IBD is considered as the result of an excessive and inadequate immune response to commensals of the intestine, defining IBD as a pro-inflammatory disorder[2]. In addition, at least in a subgroup of patients, IBD might also be an immunodeficiency due to impaired release of pro-inflammatory cytokines by macrophages[3, 4]. This hypothesis is supported by several primary immunodeficiencies that are characterized by IBD-like phenotypes such as IPEX syndrome, XIAP deficiency, and NEMO deficiency[5–7]. IL-10- and IL-10R deficiencies add to these disorders: affected patients manifest with severe early-onset enterocolitis which shows a dramatic and life-threatening progress[8–10]. The latter underscore the necessity of IL-10 to control inflammation and keep our immune system in balance[11–13].
For a long time, an autoimmune background has been suggested for IBD, and antibodies against numerous auto-antigens have been detected[14–18]. In 2009, Ebert et al. described autoantibodies against various cytokines in IBD patients leading to a state of relative deficiency of IL2, TGF-β and IL-10[19]. Given the relevance of IL-10 as the key immunomodulatory factor of the human immune system, neutralizing autoantibodies against IL-10 or IL-10R might significantly impair IL-10 signalling and contribute to the severity of IBD.
In this study, we aimed to investigate the existence of autoantibodies binding to IL-10 or to the IL-10R, thus abrogating IL-10 signalling and mimicking a state of IL-10 deficiency. Here, we present the results of a screening for autoantibodies of the IgG and IgA isotype, putatively directed against IL-10 signalling components in 52 IBD patients.
Results and discussion
Antibodies against IL-10
Antibodies of the IgG isotype
Sera of 20 healthy donors as well as 52 IBD patients were subjected to ELISA testing in search of anti-IL-10 IgG antibodies. Upon testing, eight out of 52 IBD patients (15%) showed OD values above a cut-off of μ + 3SD (Figure 1A). Data were analyzed by t-test, comparing the Crohn’s disease (CD) and ulcerative colitis (UC) groups both to the healthy control group. We found the CD group to exhibit significantly elevated levels of anti-IL-10 IgG antibodies, whereas the UC group testing resulted in a non-significant p-value (p = 0.41). In our cohort, 18% of CD patients (7/38) had anti-IL-10 autoantibodies; this replicates the results of Ebert et al.[19], who found 17% of CD patients to have anti-IL-10 IgG autoantibodies in the serum, thus validating our results in spite of a small sample size.
Figure 1
Autoantibodies against IL-10. Serum samples of patients suffering from inflammatory bowel disease were tested for anti-IL-10 Immunoglobulin G (A) and Immunoglobulin A (B) by ELISA. The dotted line represents the cut-off, whereas means are depicted as solid lines.

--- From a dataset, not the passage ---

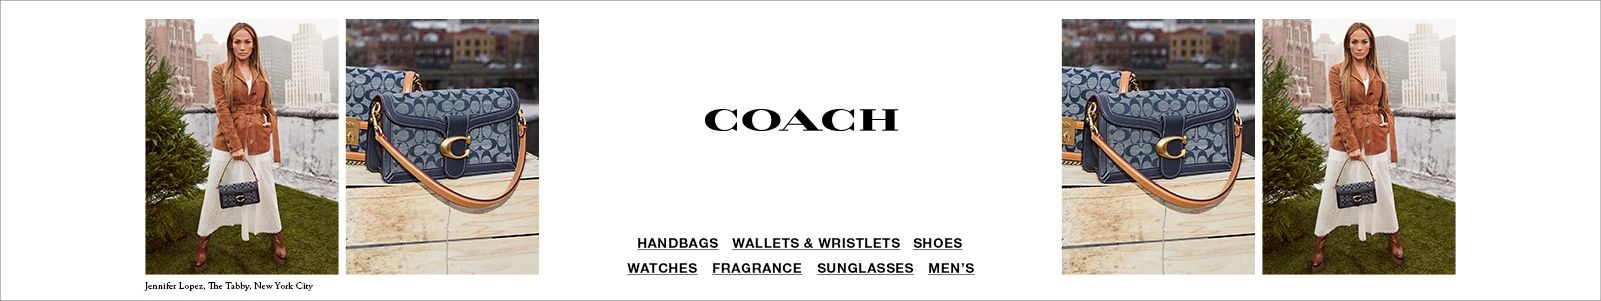 Coach, Handbags, Wallets and Wristlets, Shoes, Watches, Fragrance, Sunglasses, Men's
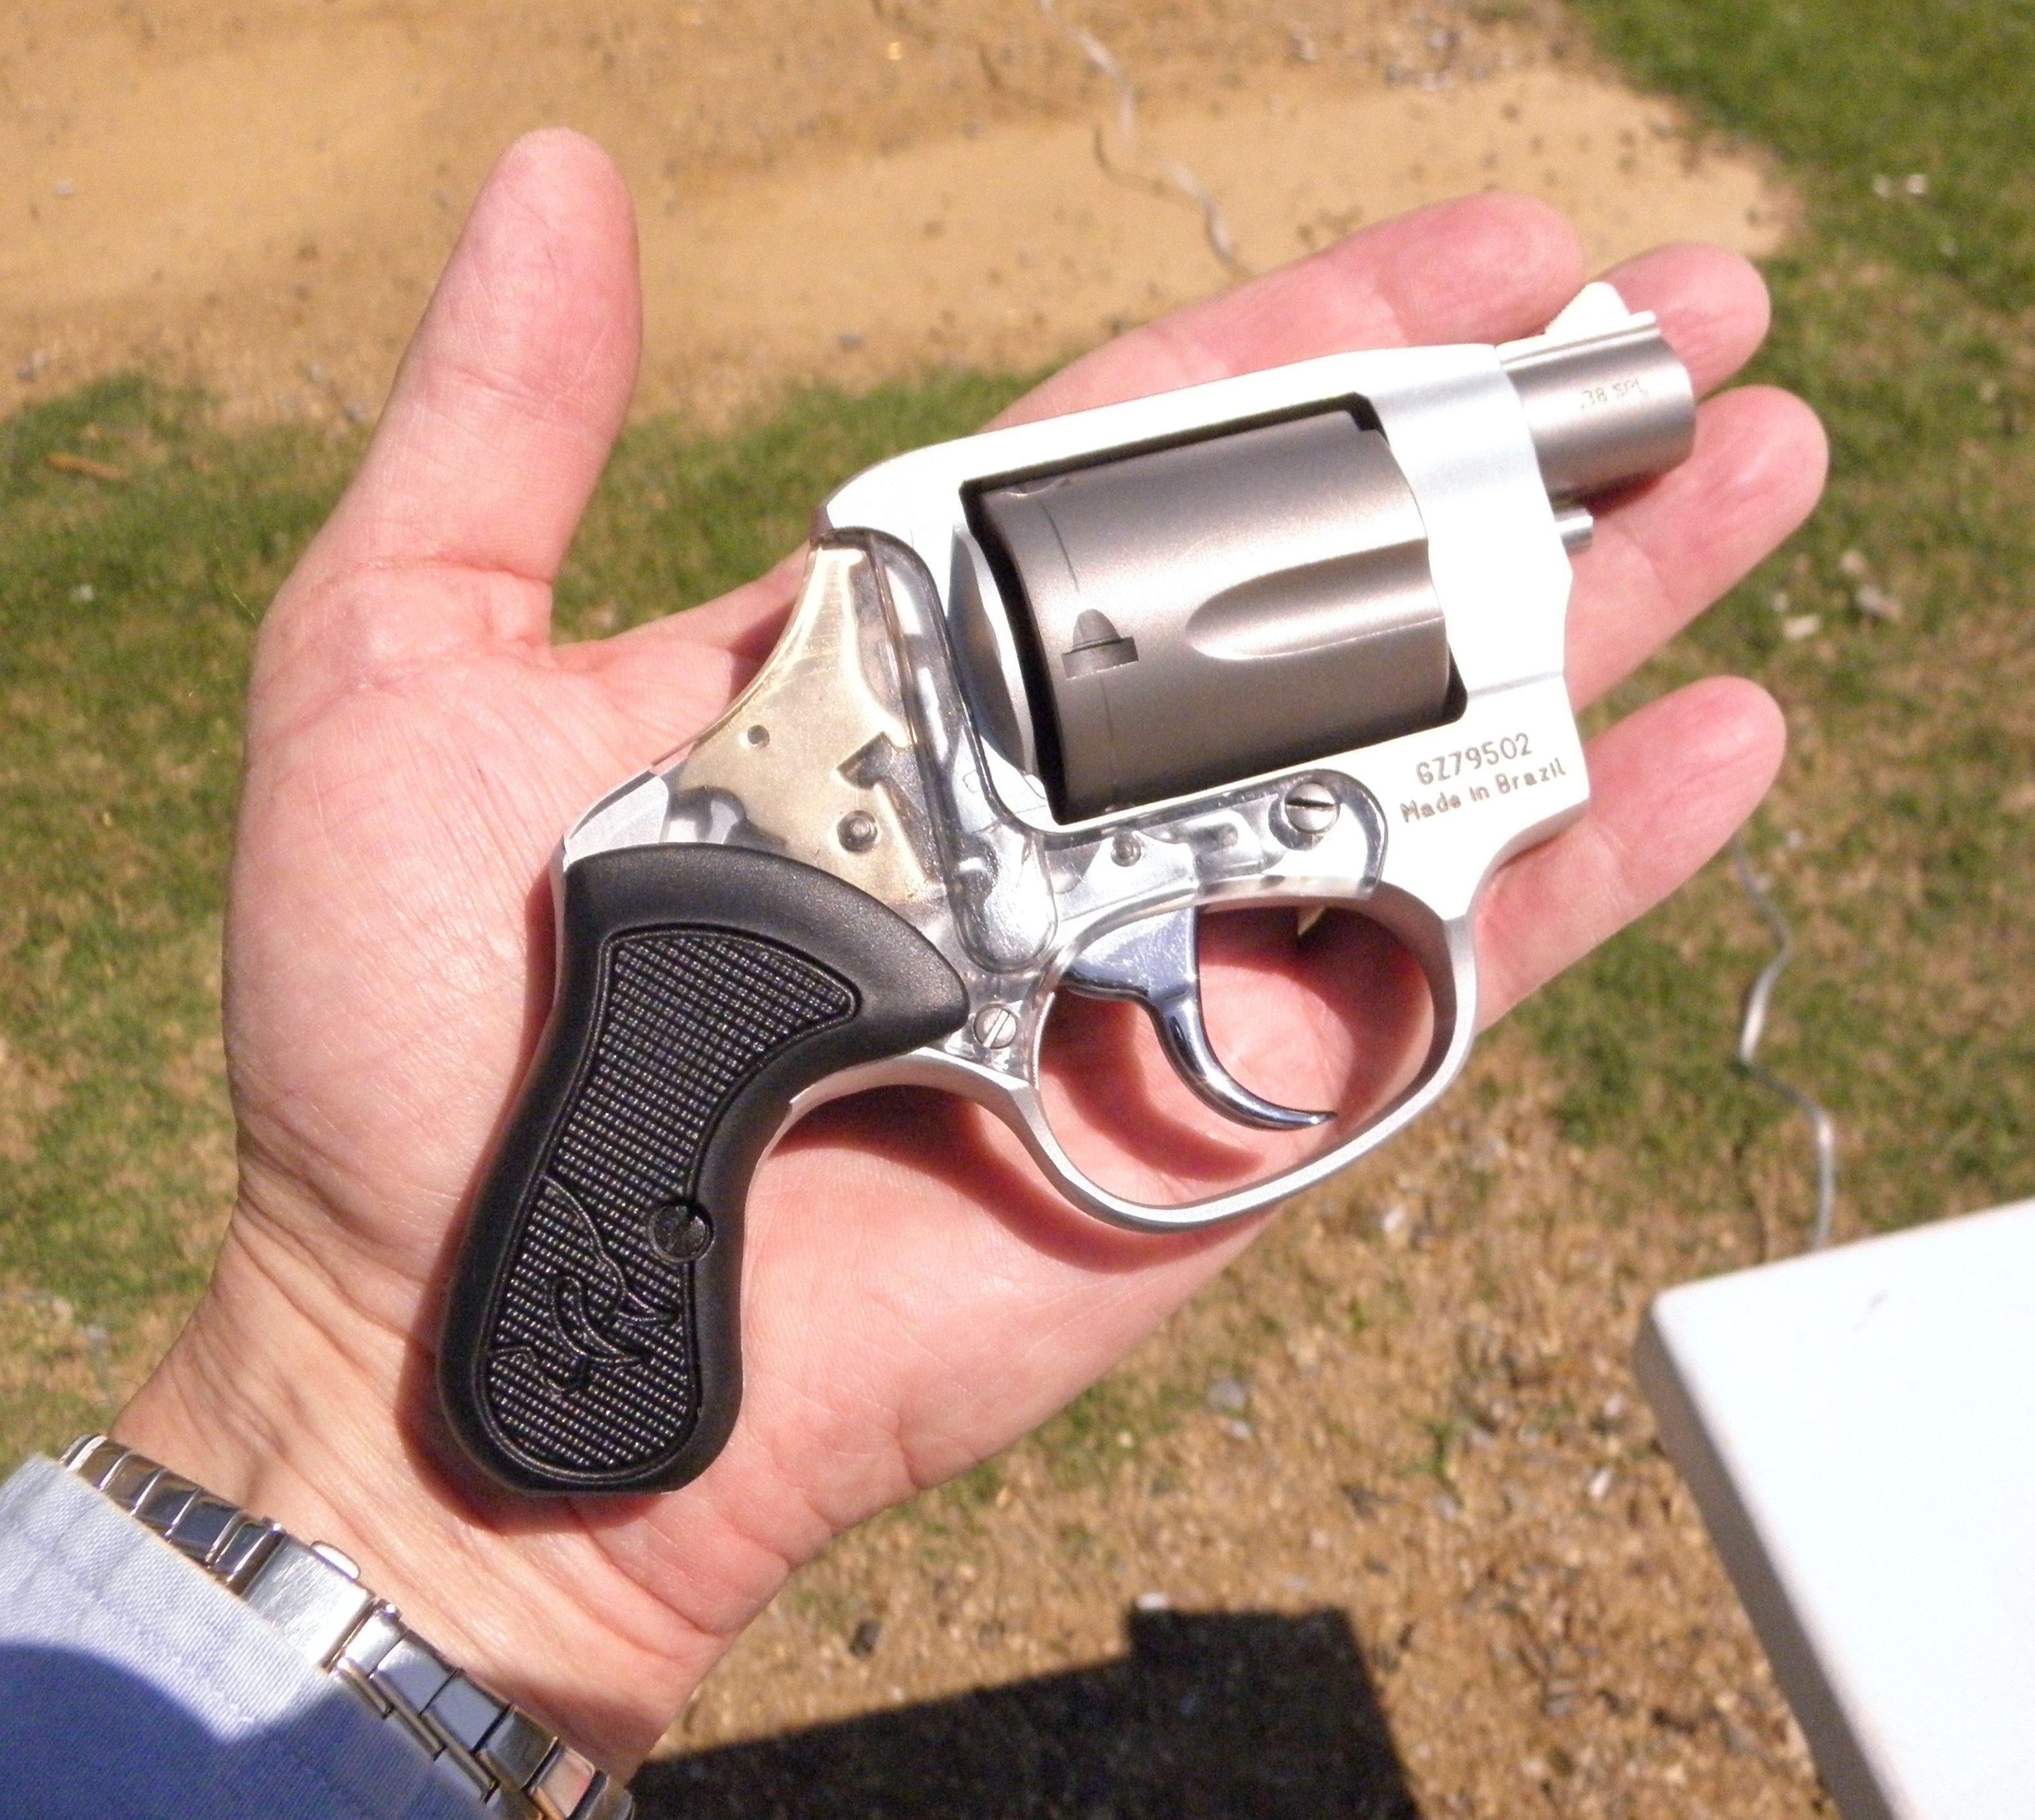 Taurus View - Light, Pocketable Titanium & Lexan Revolver —New Gun

However, it has also been reported that anti-IL-10 antibodies may be present in high titers in healthy blood donors[20, 21], and anti-cytokine autoantibodies are believed to occur ubiquitously in healthy individuals[22]. Furthermore, in contrast to other diseases with neutralizing anti-cytokine autoantibodies[23, 24], but similar to the anti-IL-10 antibodies found by Ebert et al.[19], the increase in OD values was not striking in our patients.
Antibodies of the IgA isotype
Previous studies only reported on IgG anti-IL-10 antibodies in their populations. However, IgA constitutes a crucial element of mucosal immunity and is the most abundant immunoglobulin in the gut. Thus, its putative role in IBD has often been speculated upon and early reports implied that abnormal IgA function may play a role in the pathogenesis of IBD[25].
We therefore extended our search for the detection of anti-IL-10 autoantibodies of the IgA isotype. The sera of 52 IBD patients, i.e. 38 CD and 14 UC patients, and 10 randomly chosen healthy donors were probed.
In three patients (2 CD and 1 UC), elevated ODs were found for anti-IL-10 IgA autoantibodies, while means of all groups were not significantly different (Figure 1B).
The number of patients with anti-IL-10 IgA autoantibodies might however, be underestimated with the chosen assay. Probing of serum samples may not be the best method to detect autoantibodies of the IgA isotype, as antibodies may accumulate in the inflamed tissue of the gut so that concentrations significantly higher than in the serum may be reached. Also, while IgA makes up two thirds of the produced antibodies, it is mostly secreted so that it constitutes only 15% of the immunoglobulins present in human serum. Additionally, it is possible that the titre of autoantibodies fluctuates over time in a given patient.
In conclusion, our results suggest that single IBD patients might produce class IgA autoantibodies against IL-10. Yet, the significance of these antibodies is unclear.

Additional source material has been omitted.